Closed Ruye-aa closed 2 years ago

Ruye-aa commented 2 years ago

Thanks for your outstanding work! I have a question about the comparison with PREDATOR as mentioned in your paper.

However, different from PREDATOR (Huang et al., 2021) that focuses on the point sampling(i.e overlap and saliency scores), NgeNet pay more attention to the encoding of point features.

As far as i' am concerned that the overlap score is about location information ,but the saliency scores in PREDATOR have the same meaning as the point features you mentioned. So i don't know whether there is anther meaning. Best regards. image

zhulf0804 commented 2 years ago

Thank you for your interest.

In my opinion, point features are used for matching to get correspondence in point cloud registration, while point attributes(properties) are used to select important points(such as overlap points, keypoints, salient points) for better registration. They are two factors for point cloud registration.

Here, we regard overlap and saliency scores as point attributes that are effective for registration (see PREDATOR). We also learn overlap and saliency scores in our paper which is inspired by PREDATOR, while we focus on feature learning with the proposed module: ms + voting and GGE module.

Best regards.

Ruye-aa commented 2 years ago

So my understanding is to refine the attributes of points through better feature learning to perform point cloud registration. Is that correct? Thank you for your patient reply.

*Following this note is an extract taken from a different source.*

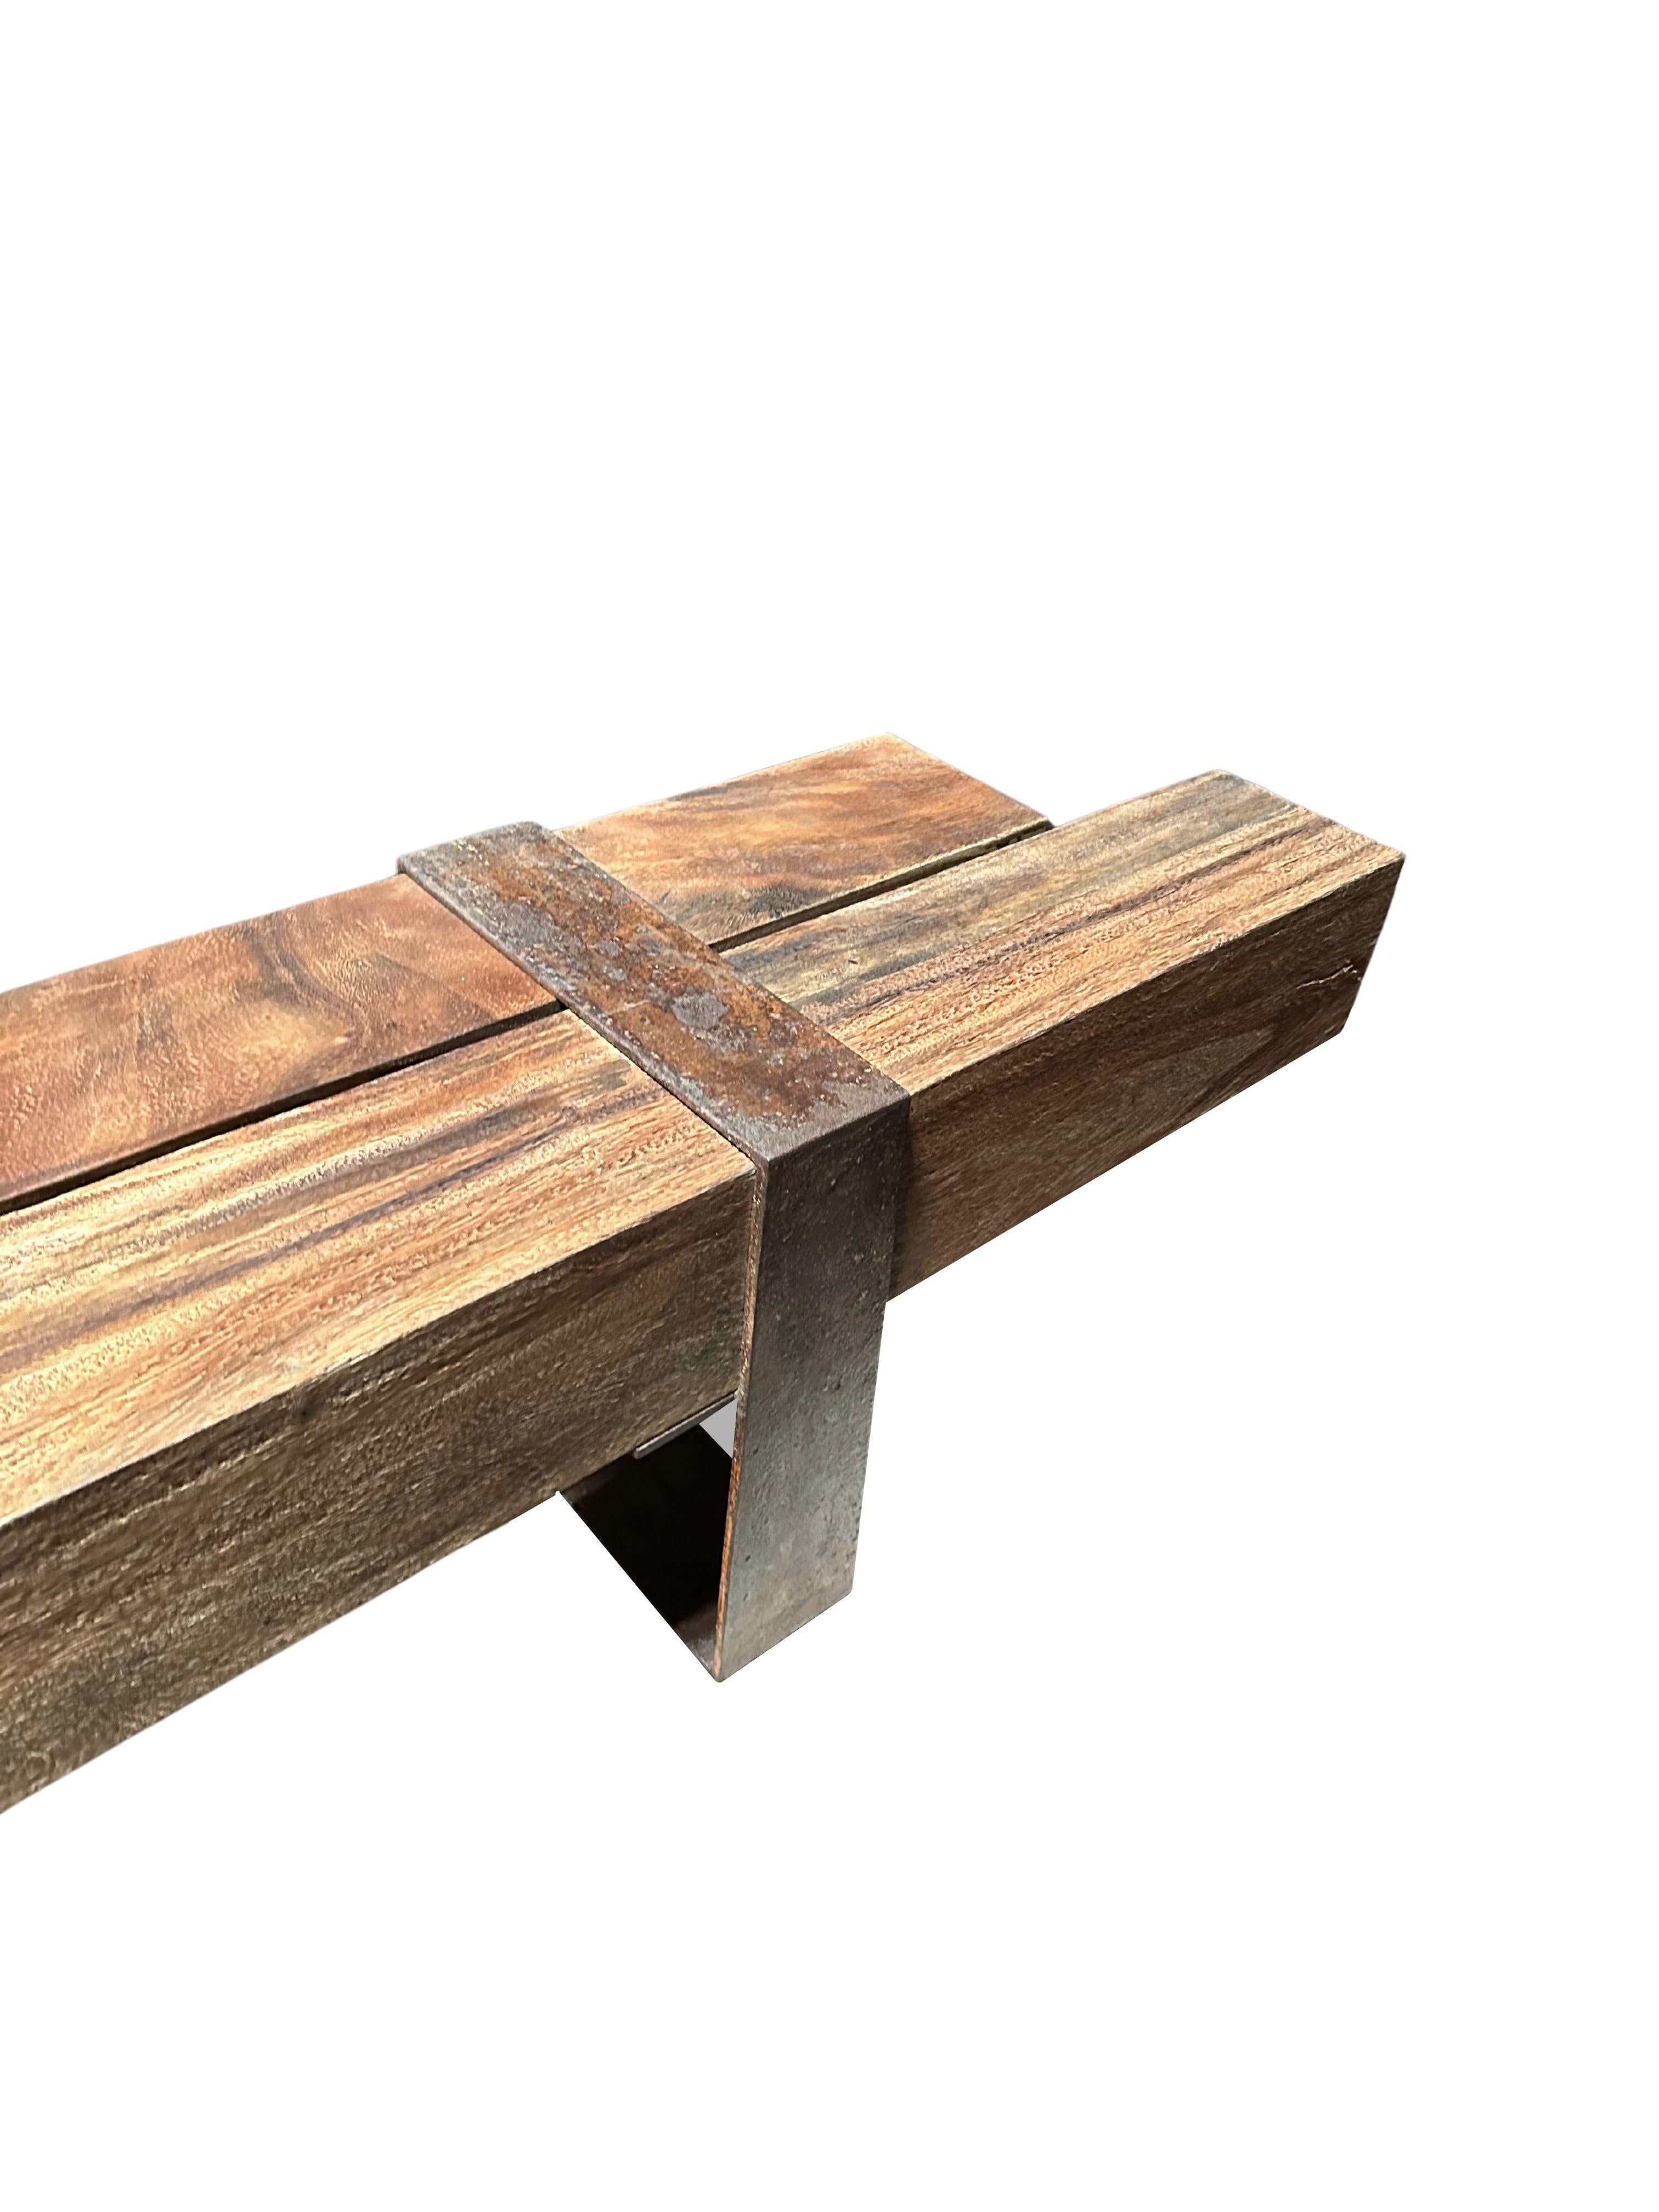 Hand-Carved Sculptural Suar Wood Bench with Steel legs, Modern Organic For Sale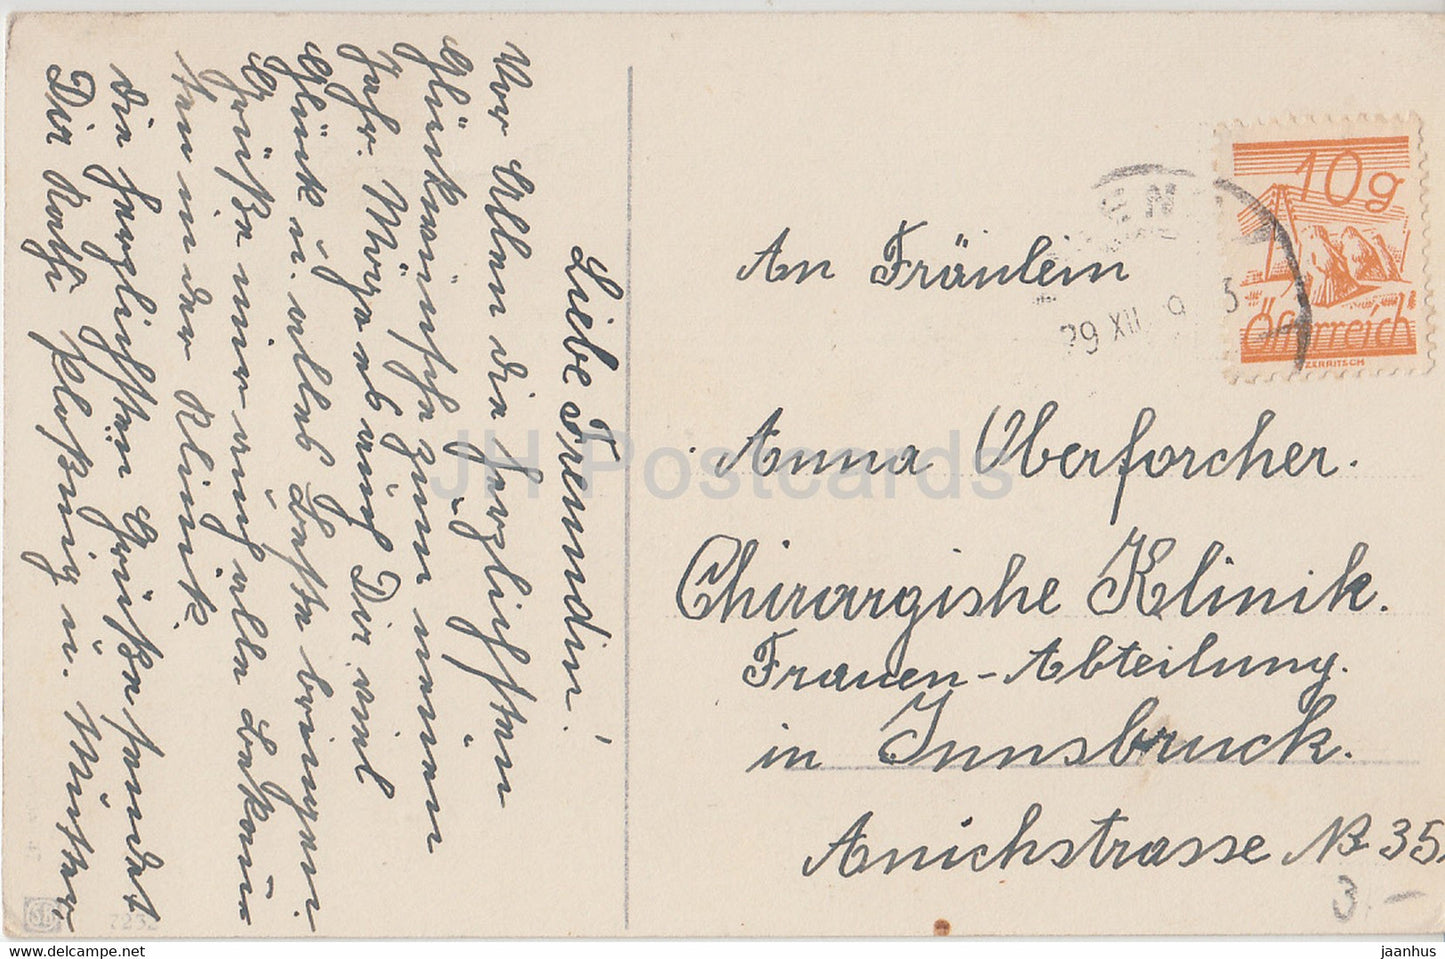 New Year Greeting Card - Ein Frohes Neues Jahr - horseshoe - SB 7232 - old postcard - Germany - used

zhulf0804 commented 2 years ago

Maybe not.

We didn't optimize to refine the point attributes in our work and adopted the off-of-the-shelf algorithm to obtain point attributes.

What we did is to learn a better feature descriptor through the proposed modules. Umm, as we know, learning-based features are generally better than hand-crafted features without considering data domains. Also, different learning-based features(such as FCGF, D3Feat) show different performances in point cloud registration.

We conducted features comparison with PREDATOR directly, for we both used the same point attributes for point cloud registration. We intend to demonstrate that features improve the registration performance, whether considering the point attributes. As shown in Table 3(in the paper), whether random sampling or sampling in prob. (based on overlap and saliency scores), NgeNet achieves higher recall than PREDATOR.

Best regards.

Ruye-aa commented 2 years ago

I have gained a deeper understanding of the work of registration.Thank you again for your patient reply.